In the buy-2-get-1-free scenario, it becomes very difficult to work out what the offer price should be. The best I could come up with was ((base price * 2)/3), which would be appropriately rounded (and again would need to be compensated for).

This model is equivalent to the previous one for the strawberries. The price per kilo is set as the base price, and is resolved at the point of sale.

However, in its favour, the shelf of 100 cans of beans is now deemed to be worth the full £65 again, and fractional money is not permitted by the model.

So, this improves only slightly on the simplistic model, and all those extra pennies being added in feels a bit like the epicycles of old. Additionally, they’re obviously a recipe for disaster.

Solution 3: the "Enterprise" solution

The idea with this solution is to add in an external service to handle the responsibilities of calculating and administering the offers. So, a Product now has a flag to indicate whether or not it is a discrete item (such as a can of beans) or sold by quantity (such as loose strawberries). A PriceManager takes a Product and a quantity and resolves that to a price, e.g., for one can of beans, it would return £0.65; for 300g of strawberries priced at £1.99/kilo, it would return £0.60. Rounding takes place within the PriceManager, and is calculated to the nearest penny. The PriceManager calls an OfferManager to resolve any special offers applicable. The OfferManager returns to the PriceManager an method for calculating the offer for that product. Until the offer is satisfied, the PriceManager continues to return the standard retail price for the item (e.g., £0.65 for a can of beans), and when the offer rule is completely matched, the final item in the offer makes up the difference in price.

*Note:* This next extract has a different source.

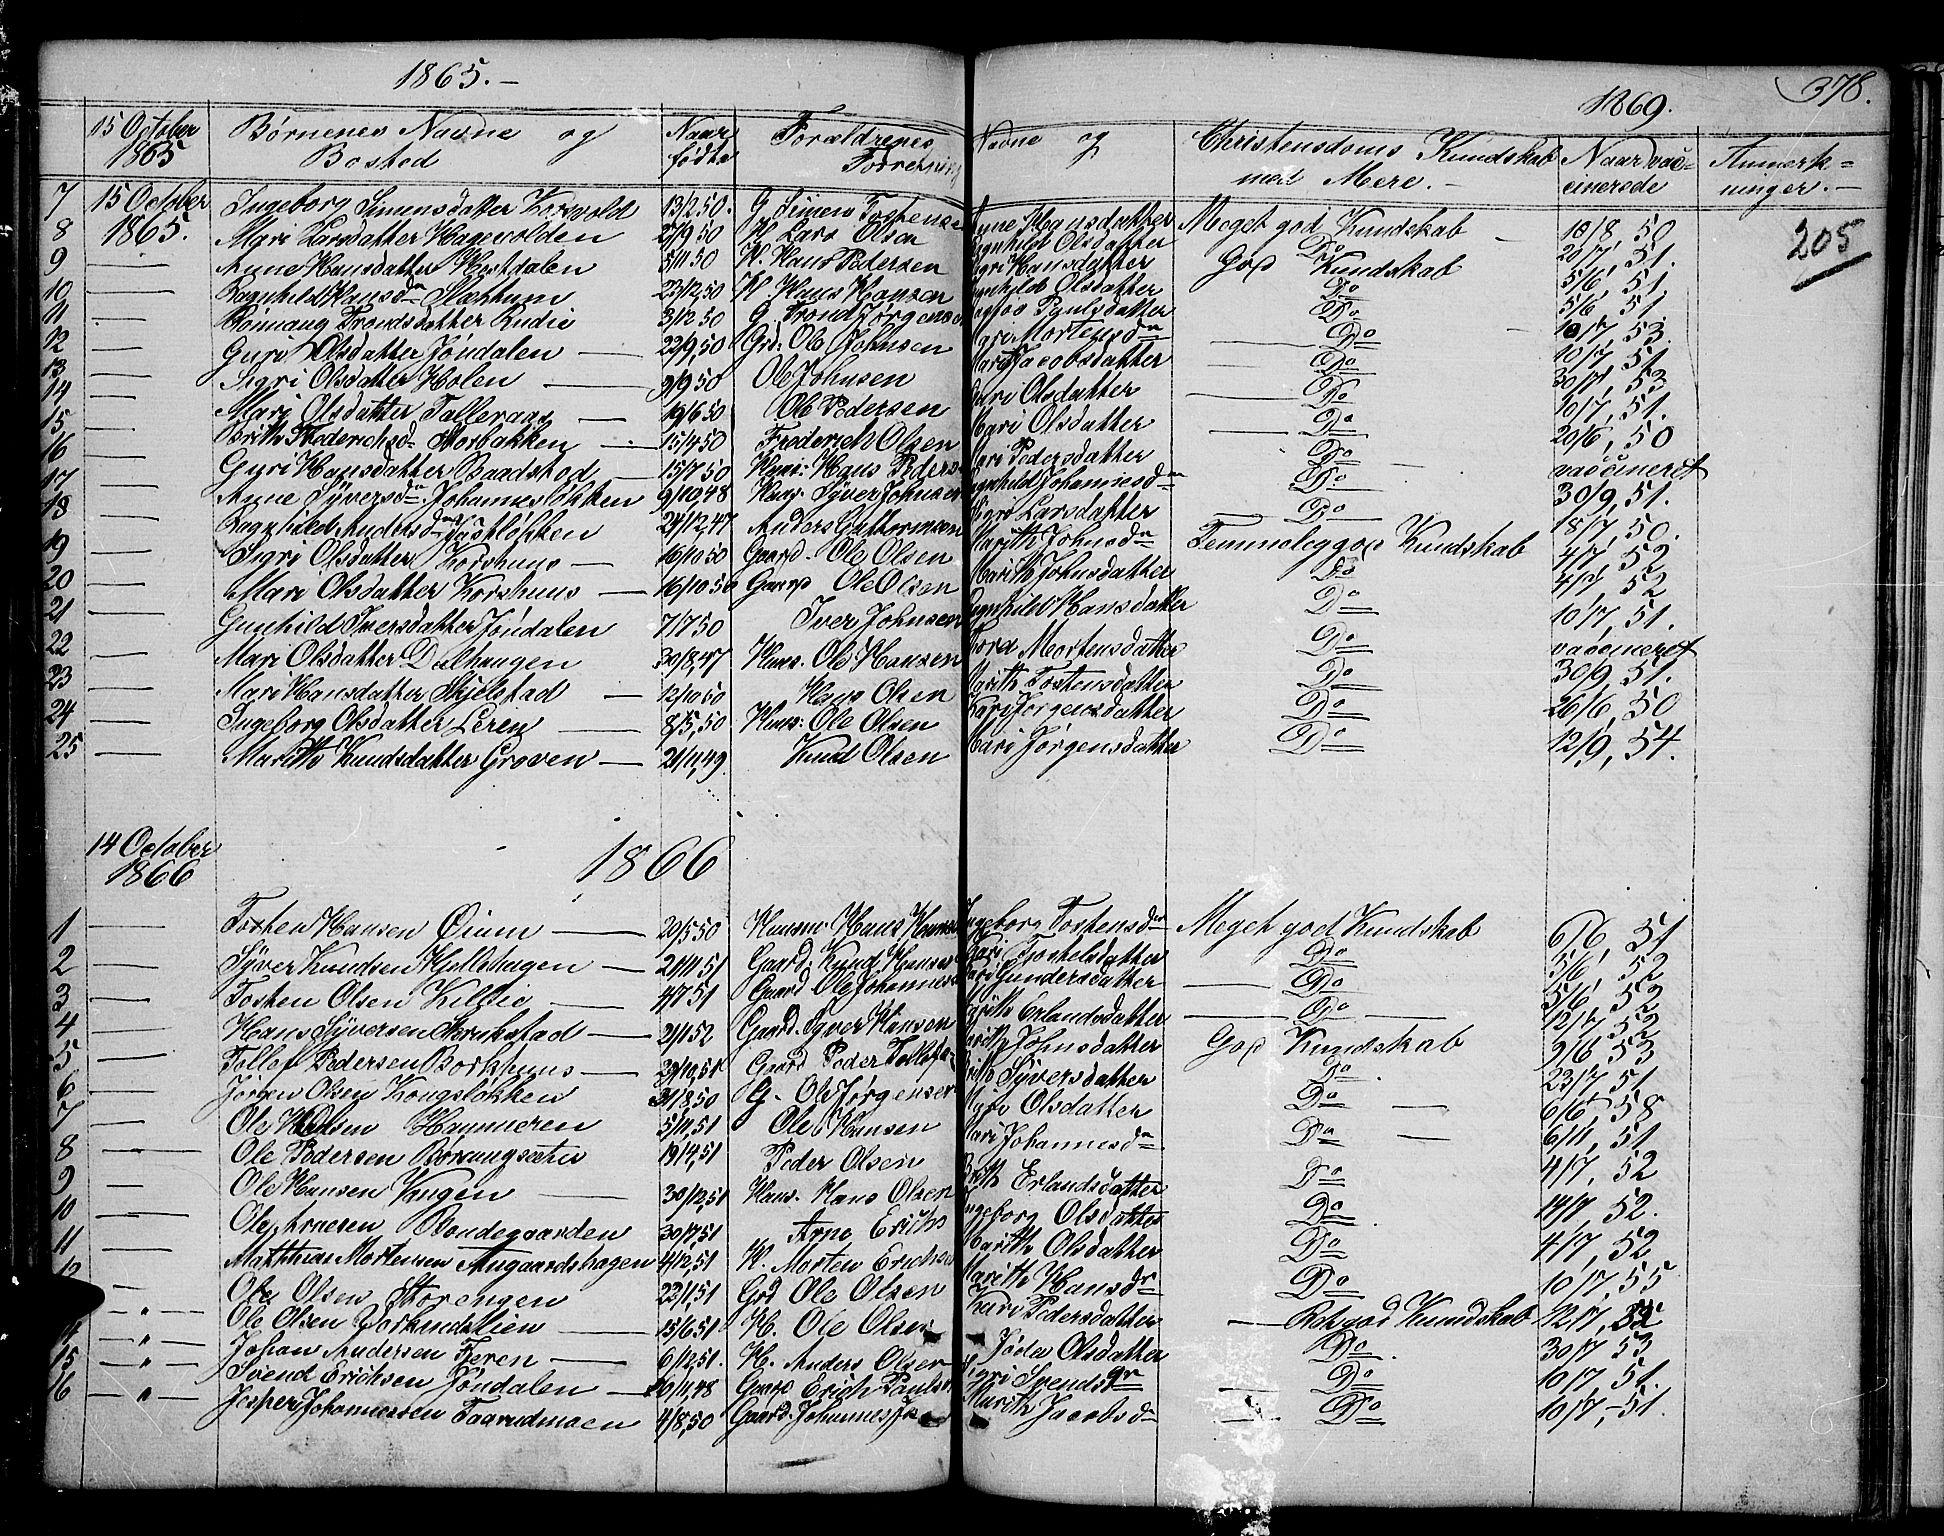 SAH, Dovre prestekontor, Klokkerbok nr. 1, 1862-1880, s. 378

So, for three cans of beans for £1, the PriceManager obtains an Offer stating that it requires three cans of beans. The PriceManager returns £0.65 for the first two cans and -£0.95 for the third. It will continue doing this for as many cans of beans as are purchased by the customer, thereby correctly charging the customer for the beans

In the buy two get one free offer, the PriceManager again obtains an Offer stating that it requires three cans of beans, and again returns £0.65 for the first two cans. For the third can, it returns £0.00. As before, it will continue doing this for as many cans of beans as are purchased by the customer, correctly applying the order.

Finally, it separates the ideas of cost and price, so that the shelf of 100 cans of beans is still valued at £0.65 for stock costing purposes, even though it will be sold at a lower price.

Conclusion

I think solution 3 is the most “correct”, in terms of addressing the problem domain, but it seems really heavyweight (hence the title). I welcome your feedback on these models, and would be interested to hear your own ideas on how to approach them.